Born in New York City, Cordovez claims to have been introduced to poker by his first-grade teacher, as a way of making basic math seem like fun.

At the 2000 World Series of Poker, Cordovez won the $2,000 no limit Texas hold 'em event, earning more than $290,000 and a bracelet. He defeated English professional poker player and bracelet winner, Dave Ulliott heads-up to win the tournament. The final table also included Phil Ivey, David Pham, and Toto Leonidas. Cordovez followed this a couple of months later with another first-place finish at the Legends of Poker limit hold 'em event.

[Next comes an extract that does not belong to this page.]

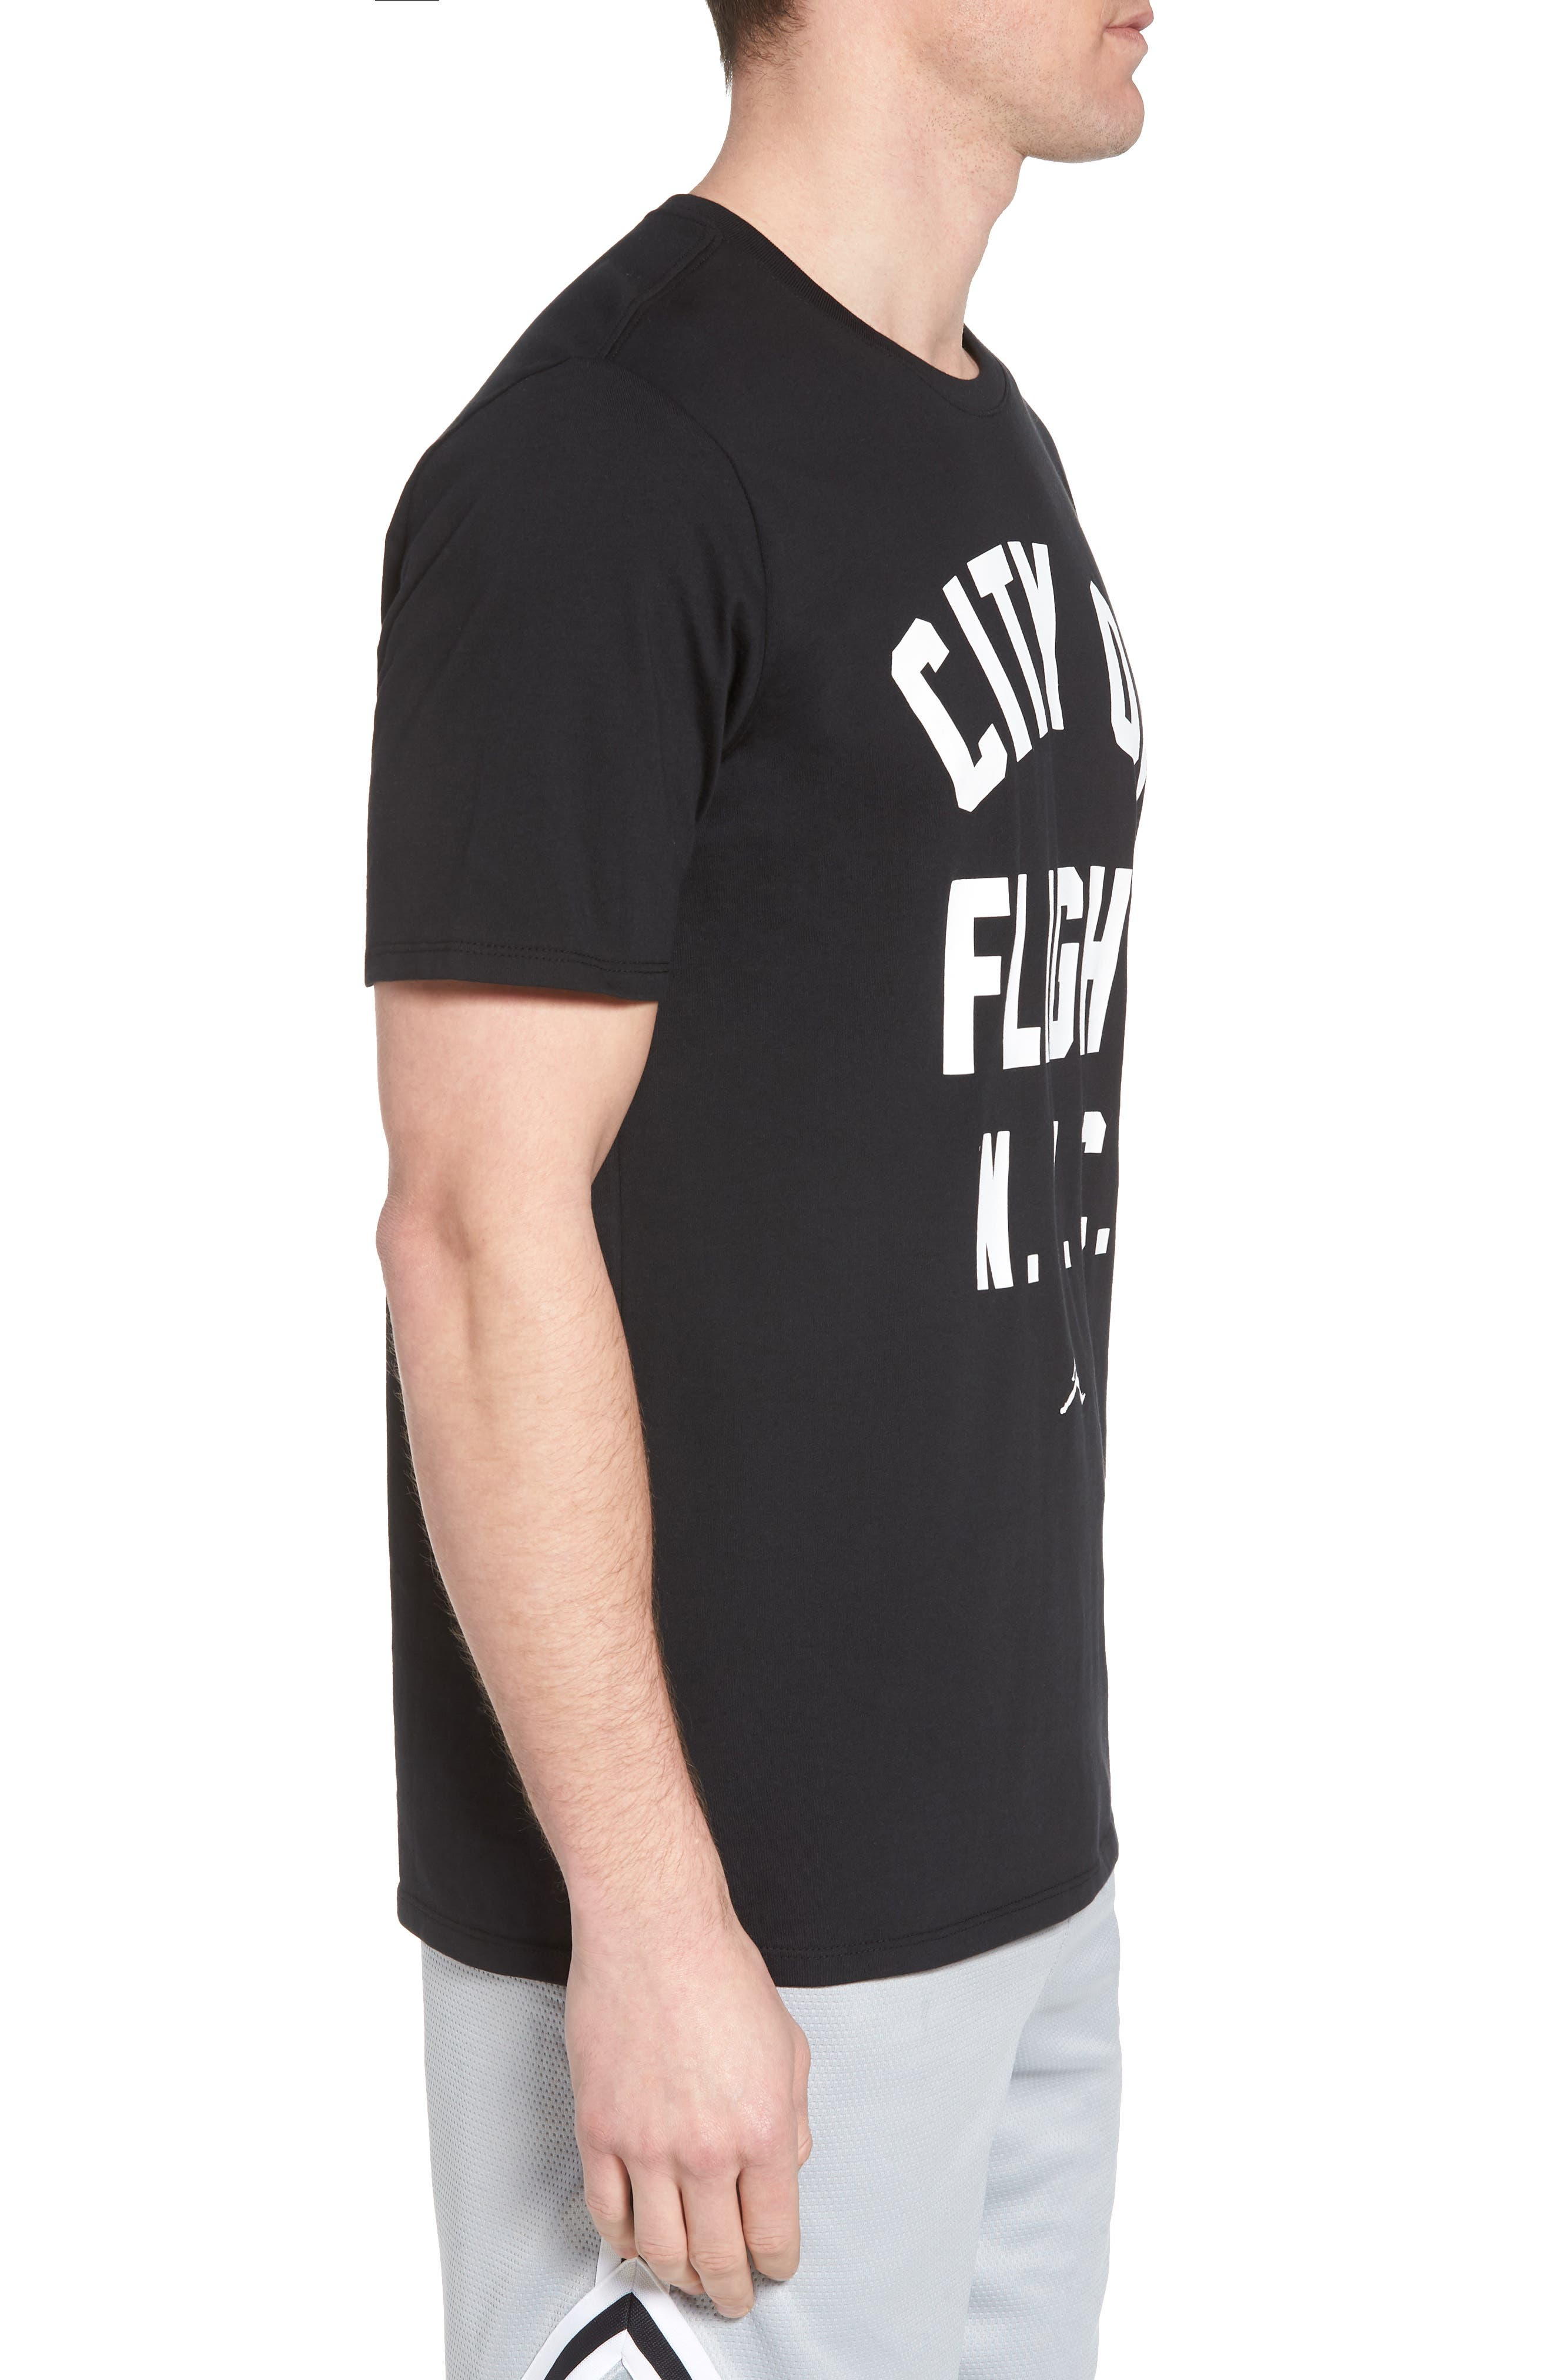 Sportswear City of Flight T-Shirt,                             Alternate thumbnail 3, color,                             Black/ White

In 2002, Cordovez cashed in another four WSOP events, making the final table in three of them, including a second place in the $2,000 SHOE event, losing to Phil Ivey. He also won the limit Holdem championship at the Los Angeles Poker Open at the Commerce Casino, the largest limit Holdem tournament in history; the first prize was $569,430.

Cordovez was featured on ESPN's coverage of the 2008 WSOP Main Event at a table which also featured 2003 Main Event Champion Chris Moneymaker and professional player Clonie Gowen as well as being interviewed in a segment about his career as a poker player.

Cordovez is currently one of the hosts of the Spanish-language version of Poker After Dark, broadcast throughout Latin America on Discovery Channel (Latin America).

Before his poker career, Cordovez was co-founder and COO of Aveo Inc., a Silicon Valley online tech support software provider.

Cordovez holds bachelor's and master's degrees from Stanford University.